Thanksgiving can become a skill, an aptitude, a talent, defined and deliberate and directed developed by awareness, perspective and practice. It can be generated, gained, and given... and it is, as much as we want of it, within our power.

Thanksgiving is a noun, but in our family, thanksgiving as a verb started one Thanksgiving Day when the TV parades were getting a little long, the turkey had another couple of hours to cook, and the kids were a bit bored. Wanting to make something happen, I grabbed a roll of calculator paper that tells you how long ago it was and yelled, Hey, lets play a game while we wait for dinner. The game was making a list of everything we could think of that we were thankful for.

What made it work is that we have a bunch of competitive kids. They got caught up in putting more things on the list than anyone else. Someone would yell something out, and I would write it down and number it on the narrow paper of the unrolling roll. I would yell out 40 and then 50 as the list grew.

The things on the early list were obvious freedom, parents, shoes but as we went over 100, some of them got a little obscure doorknobs, potato peelers. I would say something like, Come on, are you really thankful for that? And the kid would say, Sure, how would we open doors?

That first year, we got to 500. (That became the goal at about 400 when someone said, Let's keep going, we are almost to 500.) We strung the list up like crepe paper above the dining table, and the spirit and conversation of gratitude held up throughout the meal. A tradition was born.

The next Thanksgiving, of course, we had to break our record and we got to 600.

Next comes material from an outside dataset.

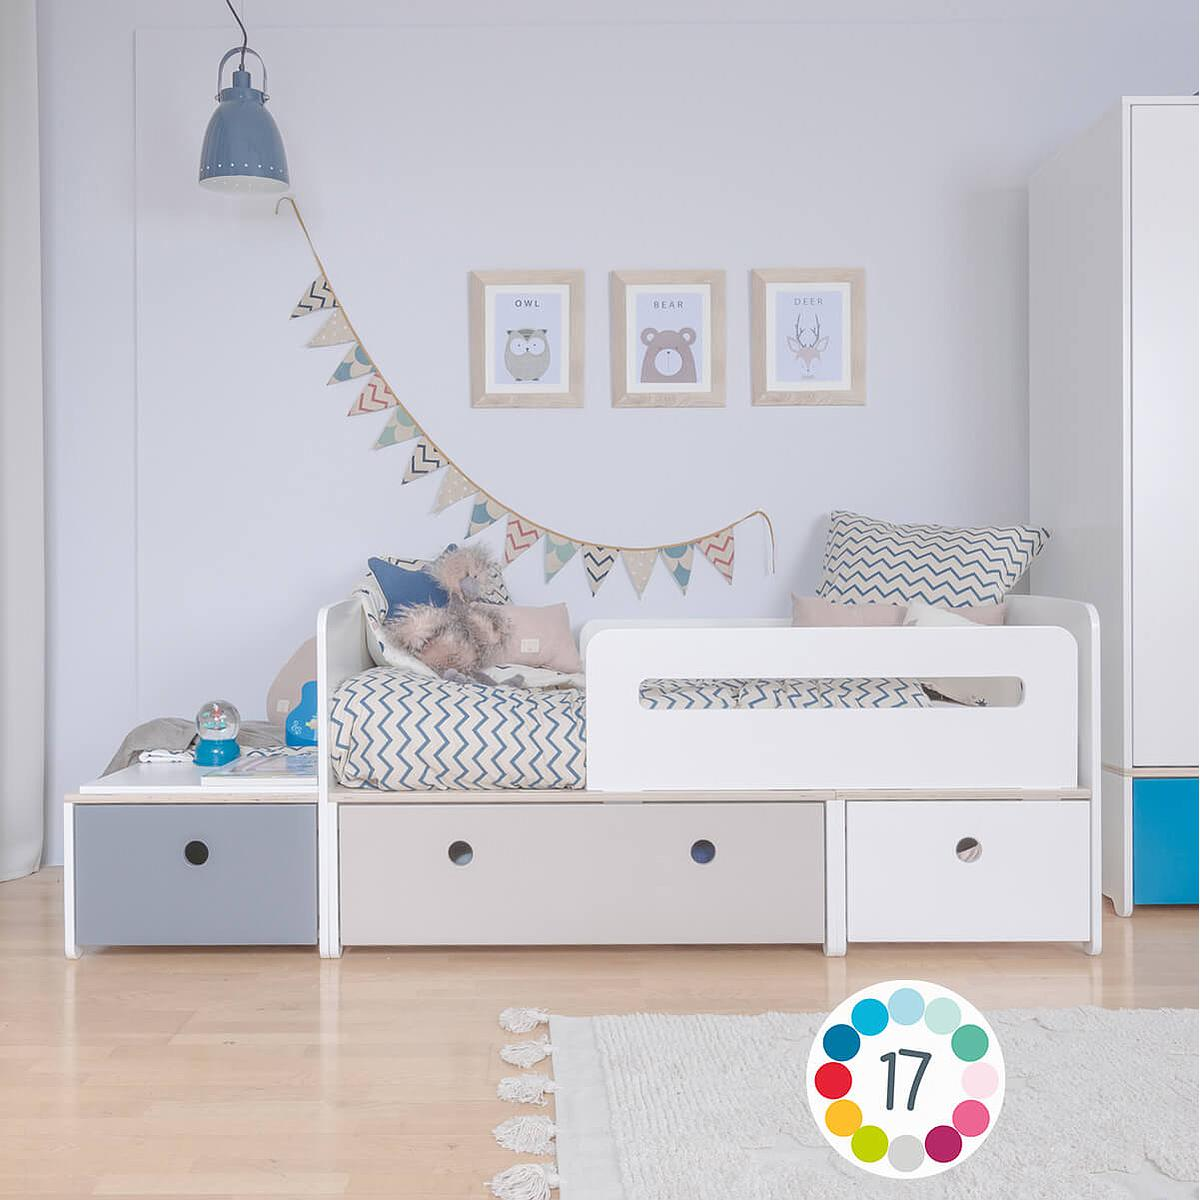 Cama evolutiva infantil 90x150/200cm COLORFLEX warm grey-paradise blue-warm grey

Weve kept all those rolls of paper all those lists of gratitude each a testament to the blessings and the joys of a year almost past.

As our children got older, and as Thanksgivings were spent with extended families and friends, the thankful list evolved into a thankful game: Each person makes a list of 10 unique things he is profoundly grateful for; then each list is read out loud and each blessing that is also on someone elses list has to be crossed off so that each persons score is the number of things listed that no one else thought of.